Postgraduates may need to revise salary expectations

IF YOU are a new graduate planning to do a postgraduate course in order to secure a higher starting salary in your first job, …

IF YOU are a new graduate planning to do a postgraduate course in order to secure a higher starting salary in your first job, you might want to think again.

A survey on the salary expectations of 10,000 students conducted recently by gradireland.com, the website of Graduate Careers Ireland, showed that students considering postgraduate study expected the qualification to make a real difference to their immediate earning power. A third of respondents believe they would earn more than €5,000 above the standard graduate salary when they started work. Based on the average graduate starting salary of about €27,000, this represents a premium of nearly 20 per cent.

Employers are pouring cold water on these expectations, judging by an accompanying graduate salary survey of more than 200 graduate employers in the Republic and Northern Ireland.
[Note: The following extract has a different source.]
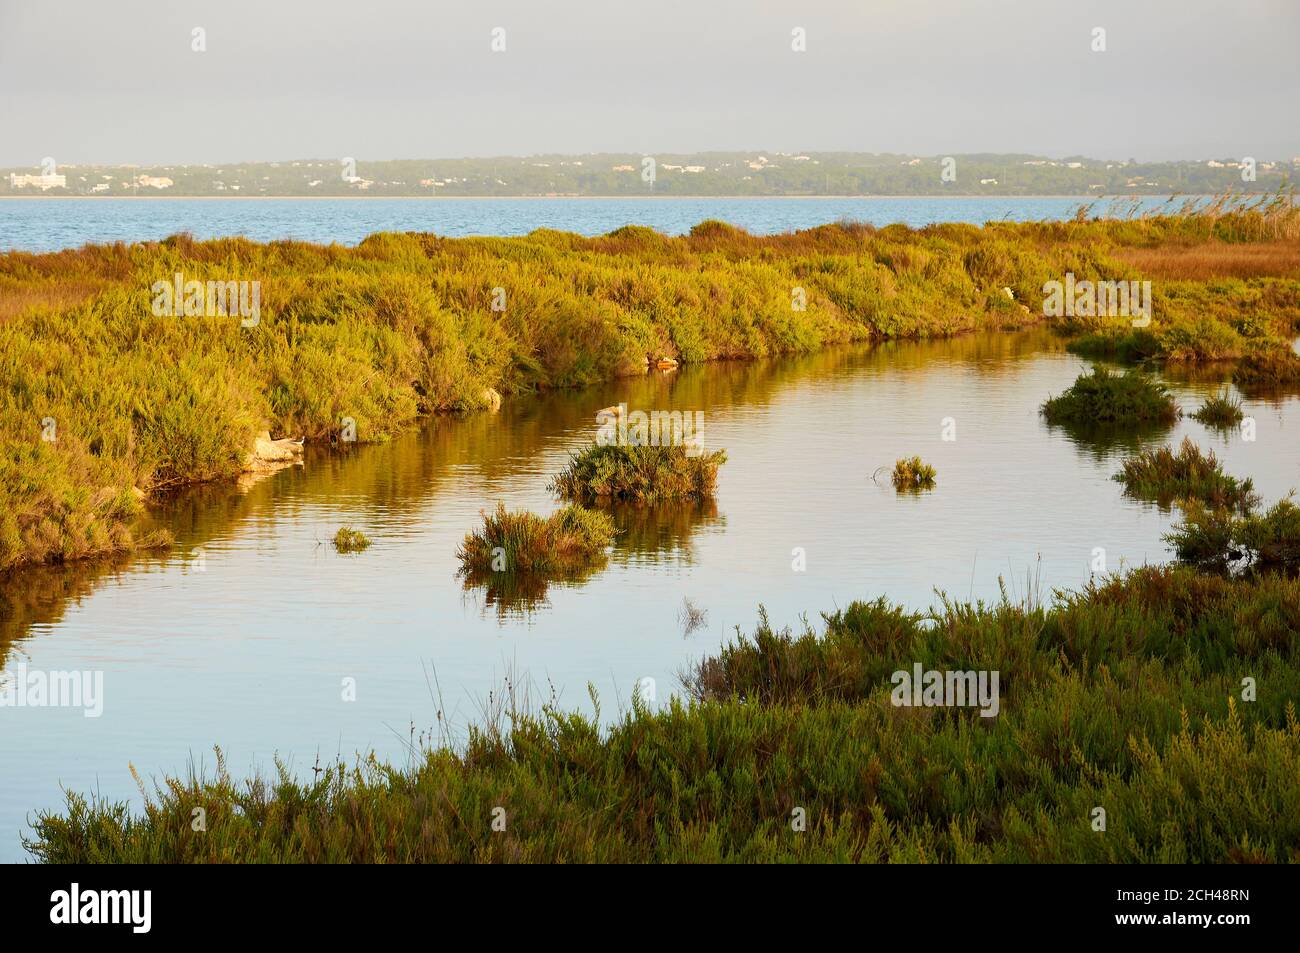 Estany Pudent marine lagoon with Salicornioideae vegetation in Ses Salines Natural Park (Formentera, Balearic Islands, Mediterranean Sea, Spain) Stock Photo

The Graduate Salary Survey 2008, conducted by graduate careers information publisher GTI Ireland, shows that 40 per cent of respondents said they do not pay any more for PhD or Masters graduates, an increase of 5 per cent on the same survey in 2007. A postgraduate qualification affected salary in only a quarter of the companies surveyed.

READ MORE

Many firms said the decision whether to pay more than the standard graduate salary depends on the candidate. "There is a wide range of postgrad courses undertaken by students which are not necessarily progressions of their original qualification," said Dave Kilmartin, head of careers at DIT.

"This means they are entering into a new discipline area and as such could not expect to enter the labour market at a point higher than someone with several years' experience in the industry."

Robert Mac Giolla Phadraig, associate director with Sigmar Recruitment, says that the postgraduates most likely to achieve a higher starting salary are those who have a good general degree, such as engineering or science, with two or three years' industry experience under their belt, and who returned to college to do a course geared to the specific needs of their sector. "It makes them that bit more marketable," he said.

For those who do a postgraduate straight after their first degree, "my experience is that it just helps them to focus on a particular niche market and makes them more attractive to employers, but doesn't necessarily get them more money," said Mac Giolla Phadraig. Such candidates could rarely expect to achieve a 20 per cent salary premium over the standard starting grade, especially if it is a broad qualification, he said.

Achieving a higher starting salary also depends very much on what sector you want to work in, according to the survey. Not surprisingly, building and planning, science and engineering are the sectors where companies are most likely to pay more for a postgraduate recruit. But in the science and building/planning sectors, 50 per cent of those companies who would pay extra said they would pay their postgraduate recruits less than 10 per cent above the standard salary.

Companies in the IT sector were among the highest proportion of firms that will pay extra, but only if the candidate can meet "additional criteria", such as specific technology skills acquired from a specific course.

The companies least likely to grant a salary premium to those with postgraduate qualifications are those in retailing, sales and customer service; business, management and administration; and media, advertising, marketing, publishing and PR.

Graduates should be clear about their motivations, particularly in an economic downturn, says Caroline Kennedy, careers officer at the National College of Ireland. "The worst thing they can do is use a postgraduate as a way of delaying entry into the job market."